Ensure that the Phoenix Cloud is connected to the Phoenix CloudCache. Fix the connectivity issues if any to resume the decommissioning.

The Cache status remains stuck on Decommissioning in Progress if the CloudCache is disconnected.

Scenario-2: Network bandwidth allocated and sync schedule is insufficient

According to the decommissioning workflow, Phoenix synchs the data pending for synchronization to Phoenix Cloud in the next cache schedule cycle. Since this takes time, CloudCache displays Decommissioning in Progress depending on:

  • The size of the data to be synchronized
  • The available network bandwidth
  • The duration specified in the sync schedule

Configure the CloudCache synchronization schedule for 24 hours for 7 days to un-interrupted decommission. Ensure that you select the Max Available Bandwidth in your environment.(The bandwidth is measured in Megabits/second)

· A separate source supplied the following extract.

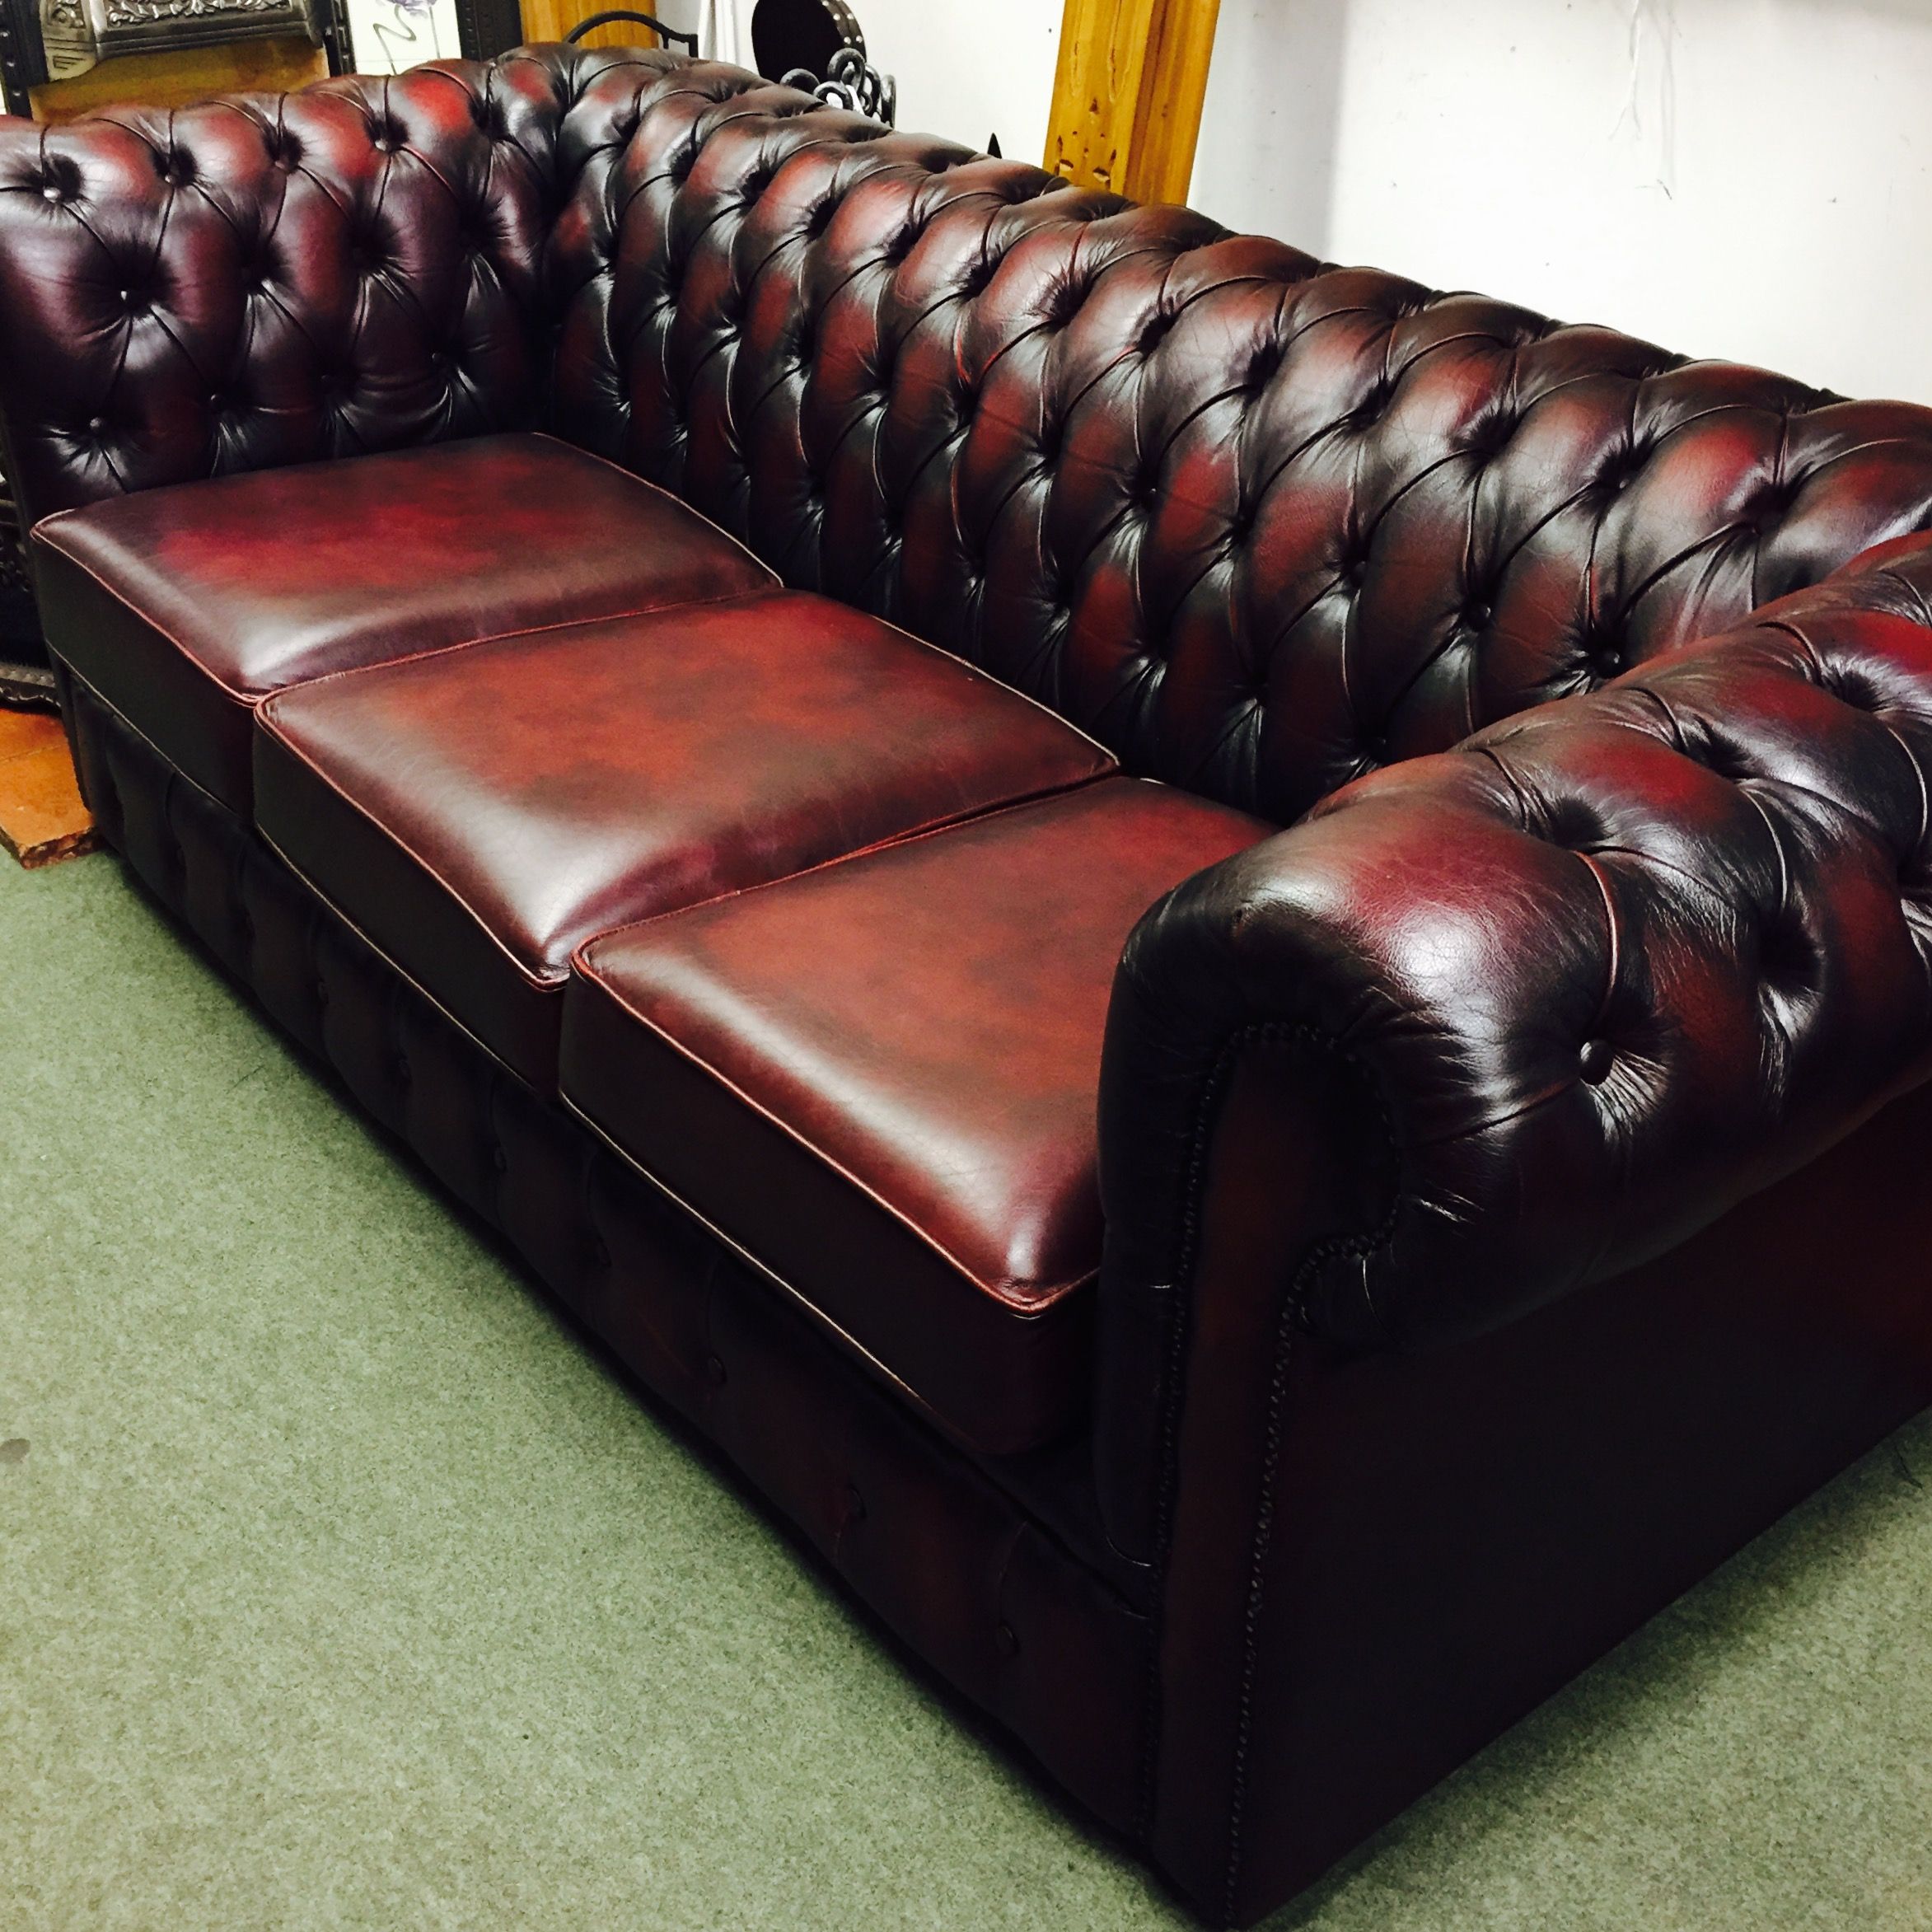 The Dog House Antiques – Pair Of Chesterfield Style Sofa’s Intended For Chesterfield Sofas (Gallery 12 of 21)

Scenario-3: Phoenix CacheStore is unavailable

The decommission can get stuck if the customer has initiated a decommission process and all the data has been synced to the cloud; however, the PhoenixCacheStore is unavailable. This can occur when:

  • The volume on which the CacheStore resides has been formatted.
  • The disk on which the CacheStore resides has crashed.

Traceback

[2019-03-11 15:47:56,732] [ERROR] Error <type 'exceptions.Exception'>:CRITICAL: Cache store folder E:\PhoenixCacheStore does not exist on file system. Exiting. Traceback -Traceback (most recent call last):

File "roboCacheServer.py", line 236, in server_main

File "roboCacheServer.py", line 389, in _server_main

Exception: CRITICAL: Cache store folder E:\PhoenixCacheStore does not exist on file system. Exiting.

Resolution

Do not format the volume where the Cache Store is residing until the decommissioning process is complete. Contact Druva Support to further troubleshoot this scenario.

Scenario-4: Storage Mapped does not exist

Cloud Cache decommissioning can get stuck when the process is initiated but the storage mapped to the Cloud Cache is deleted.  In this case, unflushed data accumulates in the DB that is never synced.

Resolution

Contact Druva Support to troubleshoot this scenario.